Ancak 40 yaşın olgunluğuna kolay gelinmediği aşikar; 1978 yılında Çin reform yoluna girdiğinde, önceki on yılın siyasi ve kültürel şokları henüz tam anlamıyla atlatılabilmiş değildi. Bu dönemde 18-22 Aralık 1978'de düzenlenen 11. Merkez Komite 3. Genel Kurulu, ÇKP ve Çin'in tarihinde kritik yer tutar. Toplantının gündemi, Çin'in acilen sosyalist modernleşme yoluna sokulmasıydı. Ülkenin aşırı merkezileşmiş ekonomi yönetiminde köklü bir reform öngörülüyordu. Bugün 40. yılına girilen reform ve dışa açılma (gaige kaifang) politikası işte bu toplantıda filizlendi.

3. Genel Kurul Çin toplumuna yeni bir silkinme ve canlanma öneriyordu. Toplantının sonuç bildirisinde şöyle deniyordu: "Hiçbir parti, hiçbir devlet ve hiçbir ulus, düşünceleri donuk kalırsa ve eğer her şeyi yalnızca kitaplara taparak yürütürse, ilerleyemez ve canlılığını geliştiremez. Böyle bir yolun sonu yıkımdan başka bir şey değildir." Bildiride kapsamlı ve derinlemesine gelişen bir devrim öneriliyordu.

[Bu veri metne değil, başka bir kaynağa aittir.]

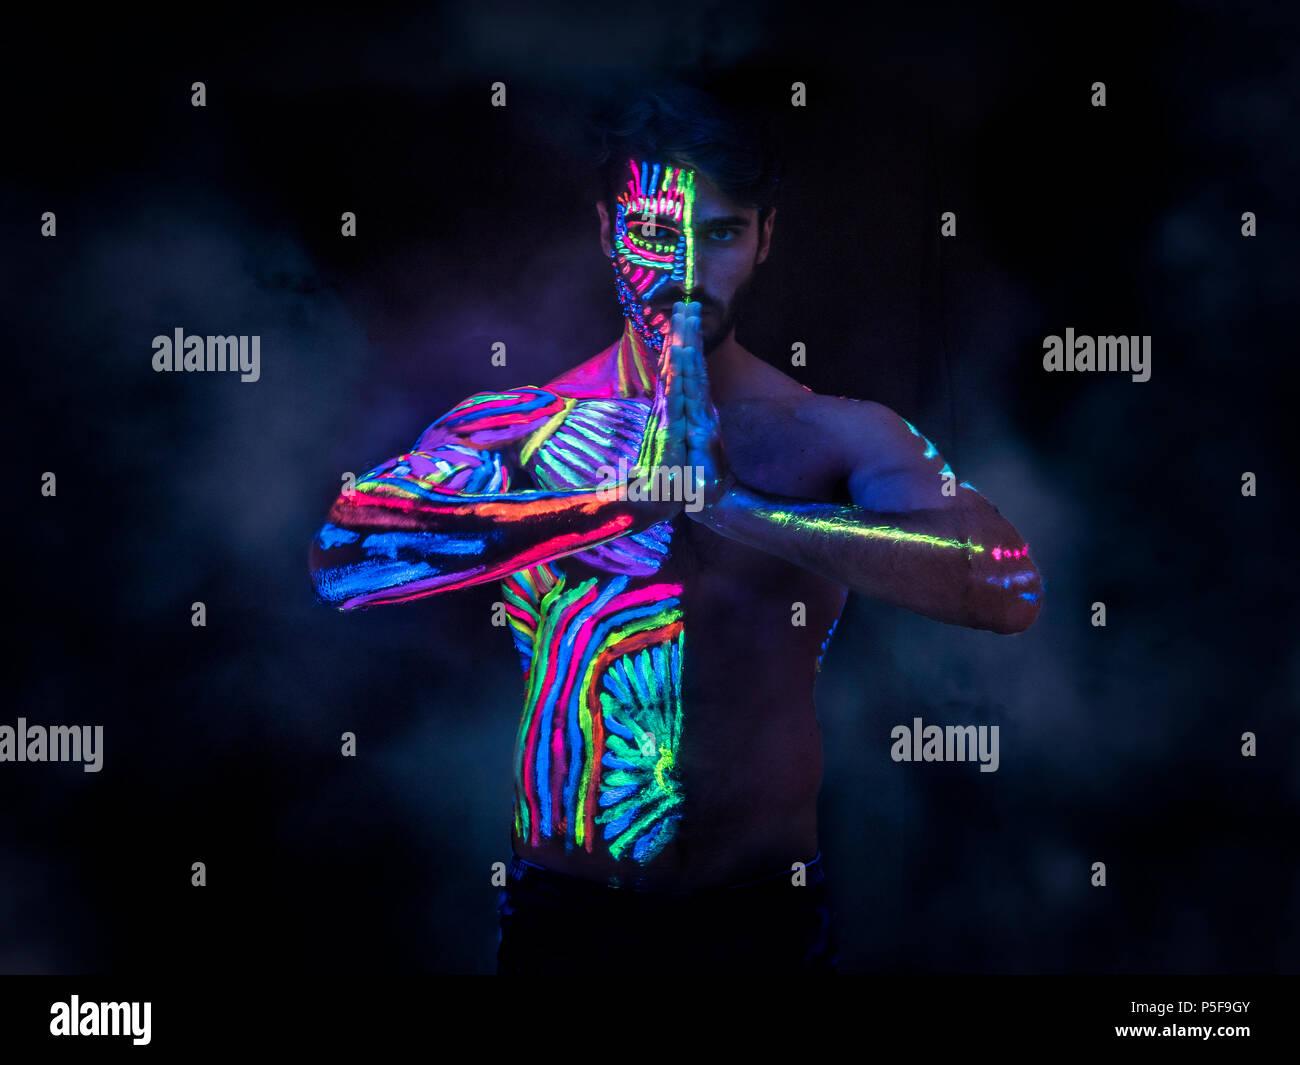 Vernici Fluorescenti Per Pareti.Vernice Fluorescente Immagini Vernice Fluorescente Fotos Stock Alamy
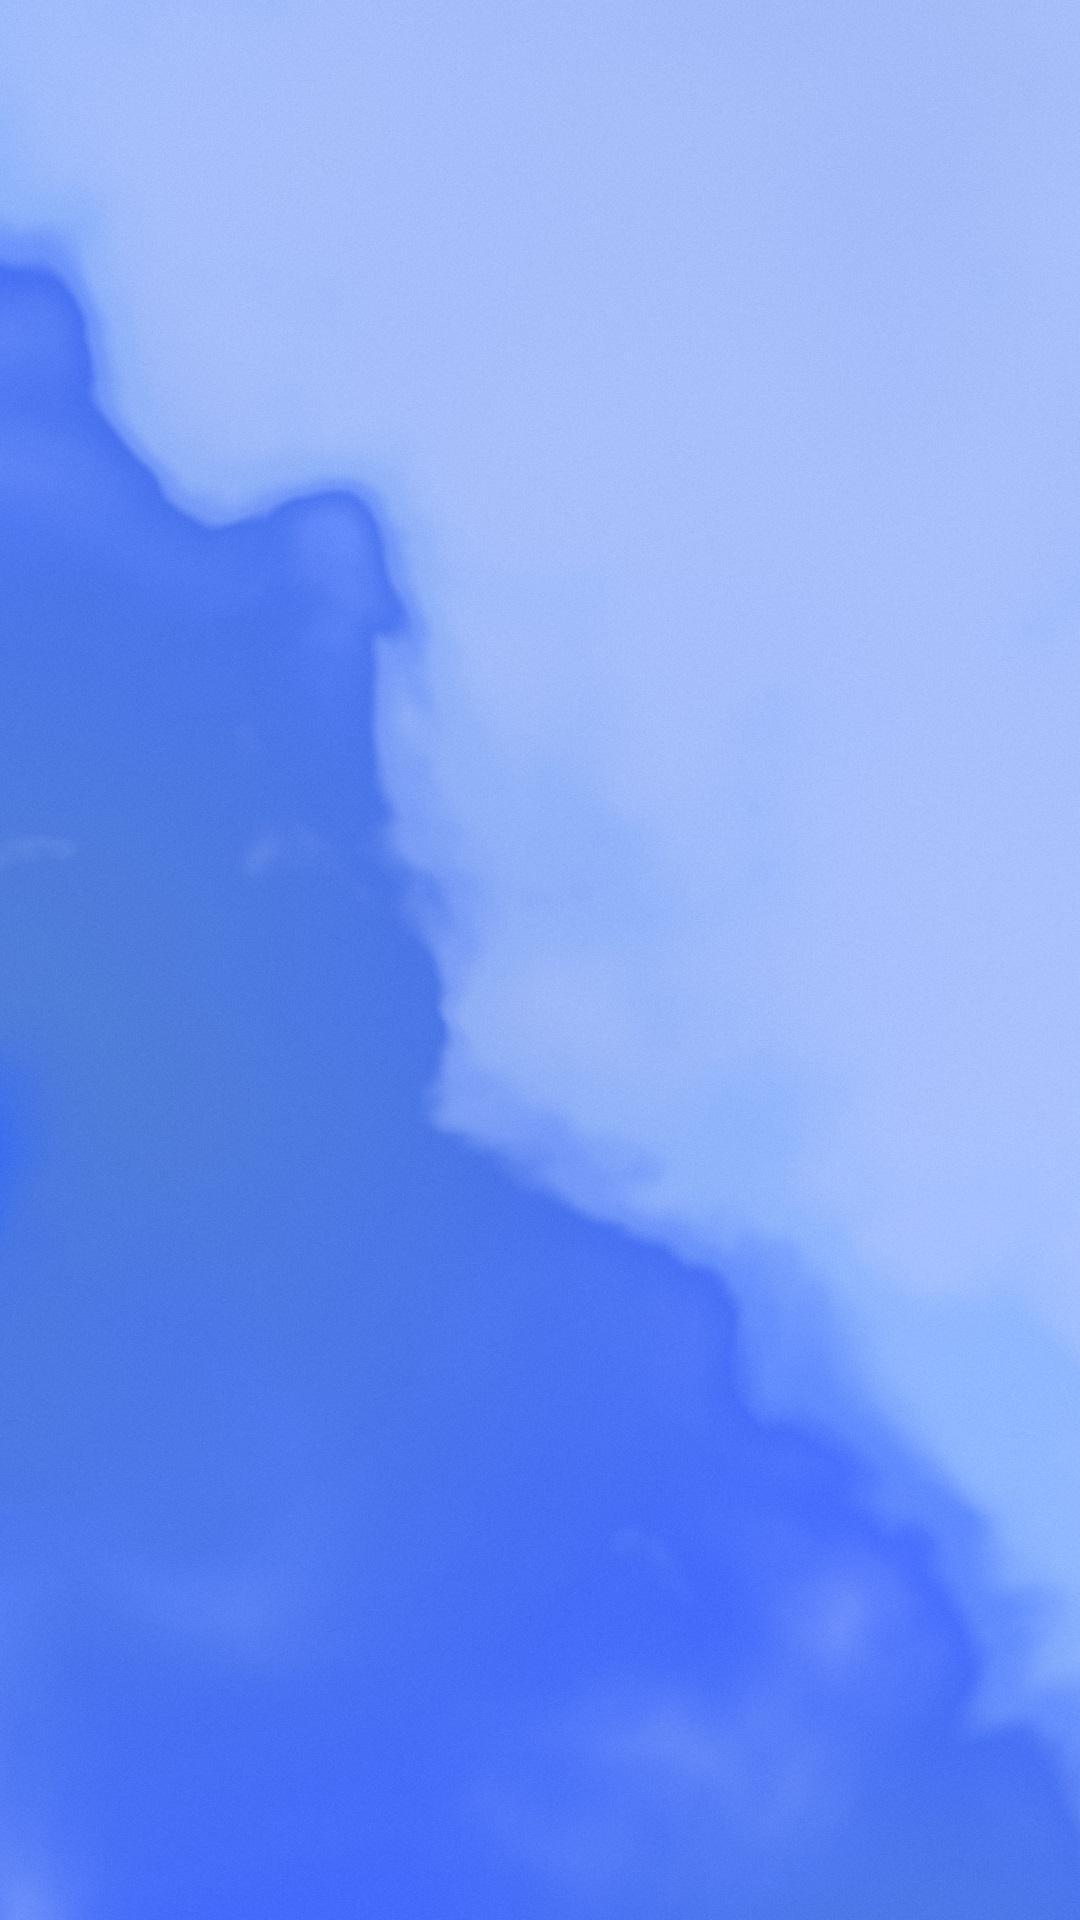 Google Pixel Water Wallpapers - Top Free Google Pixel Water

Bu sürecin mimarı Deng Xiaoping, reform hareketini tanıttığı konuşmasında zihinlerin özgürleştirilmesi gerektiğine vurgu yapmıştı. Deng, adım adım uygulanacak cesur tedbirlerle, dört alanda devlete, yerel yönetimlere, işletmelere ve bireylere tam bir inisiyatif verileceğini ve ekonominin merkeziyetçi yapısının değiştirileceğini belirtiyordu. Ekonomik modernleşme sağlanırken, ideolojik zemin de ihmal edilmedi. Çin toplumunun 'temel çelişkisi' yeniden tanımlandı. Sınıf mücadelesine dayalı belirsiz sloganlar ülkeyi istikrarsızlığa sokuyordu; Deng Xiaoping'e göre yeni dönemin temel çelişkisi, üretici güçlerin çok düşük bir gelişme seviyesinde bulunmasıydı ve bu durum ülkenin ihtiyaçlarını karşılayamıyordu. Bu çelişkiyi aşmak için, Marksizm'in evrensel gerçeği Çin'in somut gerçekleriyle bütünleştirilmeli ve Çin'e özgü bir sosyalizm inşa edilmeliydi.

Çin'in 'ikinci devrimi'

Çin Cumhurbaşkanı Xi jinping'in, 2018 Bo'ao Asya Forumu'nda yaptığı konuşmada, 40 yılda oluşan bu tabloyu "Çin'in ikinci devrimi" olarak nitelemesinin ardında işte bu başarı öyküsü var. Şöyle demişti Xi Jinping: "Bugün Çin halkı büyük bir gururla şunu söyleyebilir ki, Çin'in ikinci devrimi olan reform ve dışa açılma, sadece ülkeyi kapsamlı olarak değiştirmemiş, aynı zamanda tüm dünyayı büyük ölçüde etkilemiştir."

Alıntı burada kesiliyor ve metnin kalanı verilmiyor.